С этой мыслью и пришла к старикам. Свекровь, тщедушная, несловоохотливая, всплеснув руками, расплакалась, а дед произнес горестно:

— Никого не останется закрыть глаза нам. Петра ждем с германского, Андрей в городе, Анну муж увез в дальние края.

Наутро, бросив в тележку несколько узелков с пожитками и усадив маленькую Любочку, Оксана еще раз взглянула на окна, заколоченные крест-накрест досками, сунула старшим мальчикам в руки слаженные из лошадиной шлеи постромки и сама впряглась. Перед тем как тронуться, увидела старика. Он вел отчаянно сопротивлявшуюся коровенку.

— Бери, дочка, може, дойдет потихоньку. Все одно тут до весны не дотянет, а детям без молока — никуды. Только присматривай: стельная она. — Дед протянул Оксане веревку.

Прижавшись к побледневшему, морщинистому лицу его, Оксана еще горше заплакала.

Когда выбрались с хутора, остановились передохнуть. Оглянулась. Старик, опираясь на палку, неподвижно стоял у ворот ее осиротевшего дома.

Глава 4

С утра в лицо лепил мокрый снег, а к полудню зарядил холодный встречный дождь. Через два-три часа Оксана почувствовала: еще один порыв ветра, и она свалится в липкую грязь, из которой не подняться. Но не сдавалась.

К вечеру добрались до Кочубеево, куда с Романом когда-то на базар ездили.

Отыскав постоялый двор, обрадовалась: хоть немножко отогреются детишки. Завезли во двор тележку, привязали к ней корову. Сторож бросил ей охапку сена за Романову рубашку.

Голодные, усталые, заснули в холодном грязном коридоре.

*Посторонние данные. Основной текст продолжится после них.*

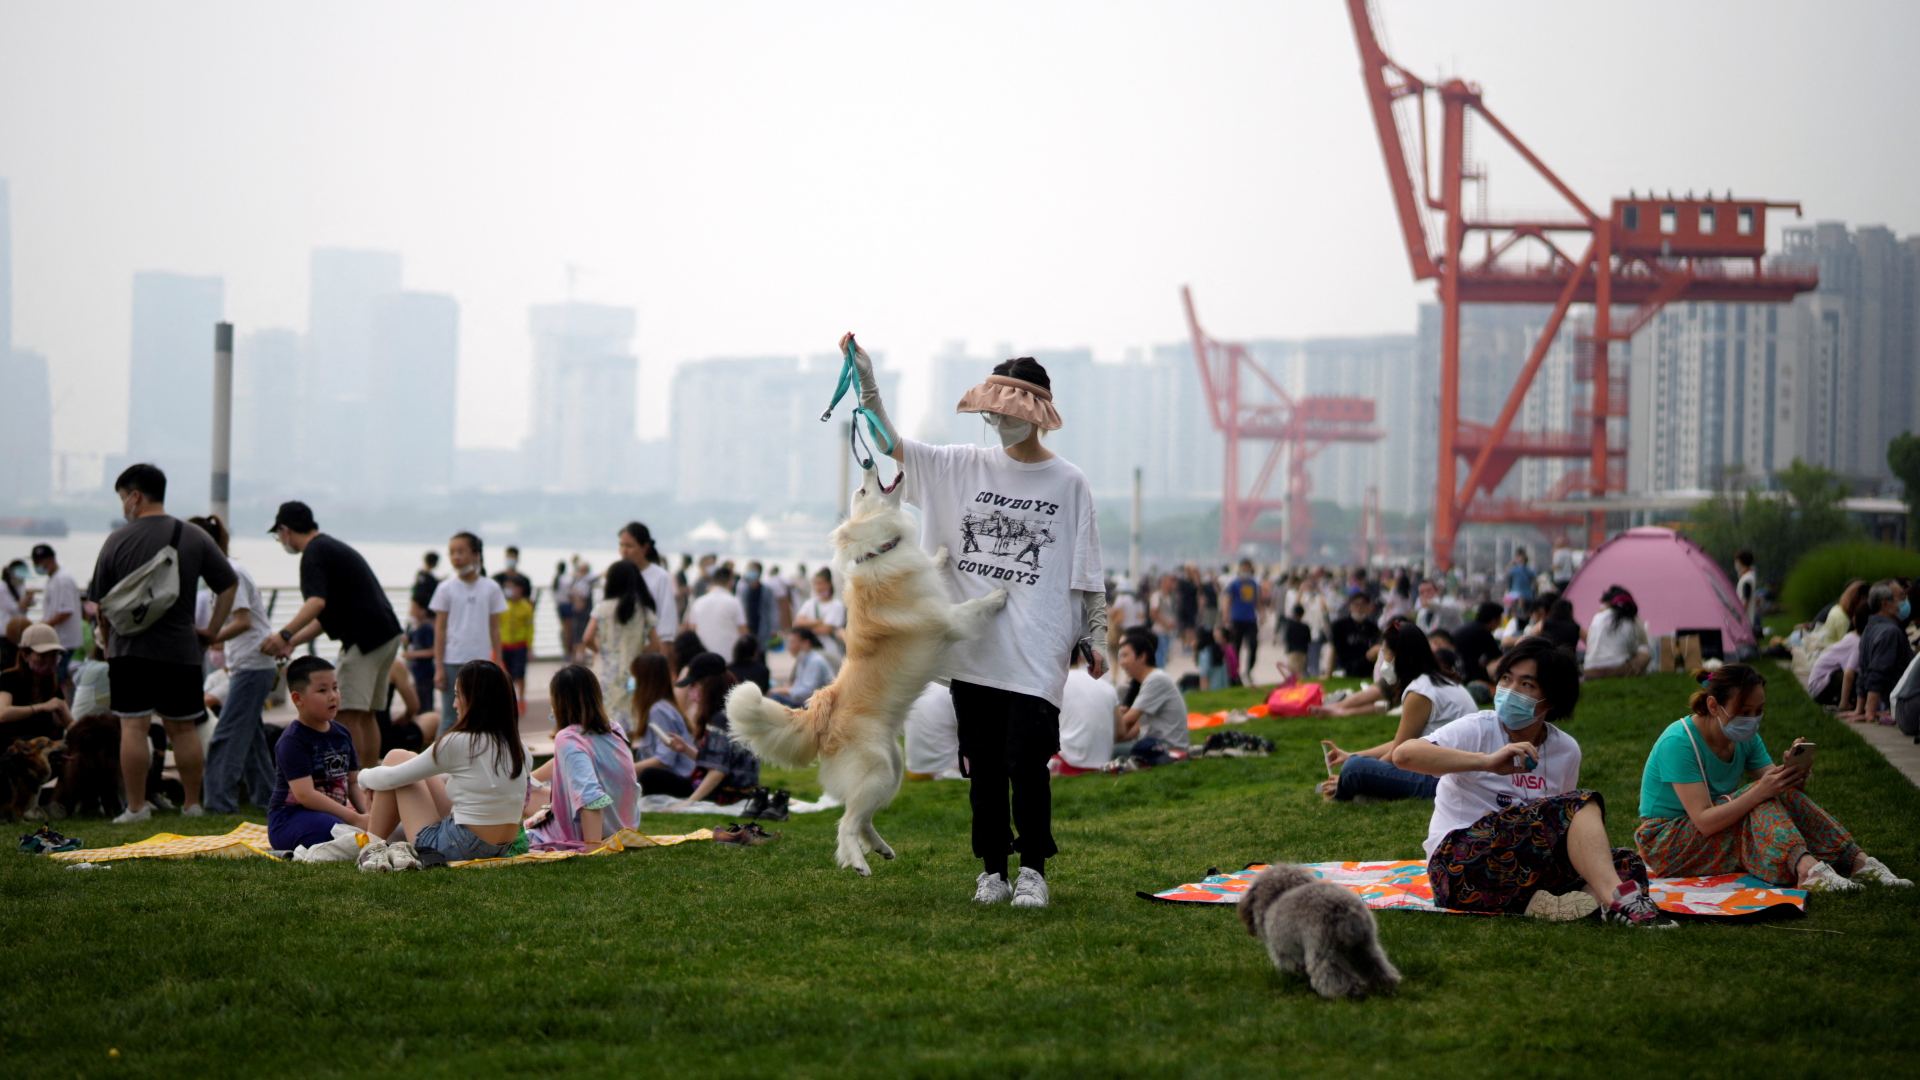 In Shanghai liegen und sitzen Menschen in Gruppen draußen, nachdem der strenge Corona-Lockdown beendet ist. Ein Mann spielt mit seinem Hund. | REUTERS

Сквозь сон Оксана услышала голос: «На, малявка, пожуй маленько. — Приоткрыв глаза, увидела, как седой старик подает Мише в ладошку распаренное в котелке просо. — Дойдет в животе». Сон вновь сморил Оксану, а когда очнулась, обомлела: Мишутки нет.

Она — на улицу. Никого. Только звезды мерцают, крупные и близкие. Обнаружила малыша около коровы: прислонился к ней, чтобы теплее было.

— Ой, что придумал, напугал-то как. Пойдем-ка скорее, родненький, в дом, — роняя слезы, говорила мать. — Ведь и задавить могла ненароком.

Выменяв у сторожа за новую скатерть миску вареной картошки, Оксана накормила детей и снова тронулась в путь. День выдался тихий, и это ободрило женщину. «Как-нибудь доберусь», — прошептала она. Однако пришлось сделать вынужденную остановку: Любочка задыхалась от кашля. Оксана постучала в окно крайнего дома. Калитку открыла маленькая старушонка. Улыбаясь чуть теплившимися глазами, с радостью приняла Оксану.

— Заходите, милые, заходите.

Засуетилась, приговаривая:

— Одна я одинешенька. Мужа белые казнили. Единственную дочку малюткой схоронила… Сейчас заварю травки, корешков, цветочков.

Но не помогли ни компрессы, ни примочки, ни водичка, настоянная на травах, которую бабуся вливала Любочке в ротик. На рассвете она умерла.

Старушка успокаивала:

— Бог дал, бог и взял. Не одинокая ты. Остальных вон сохрани.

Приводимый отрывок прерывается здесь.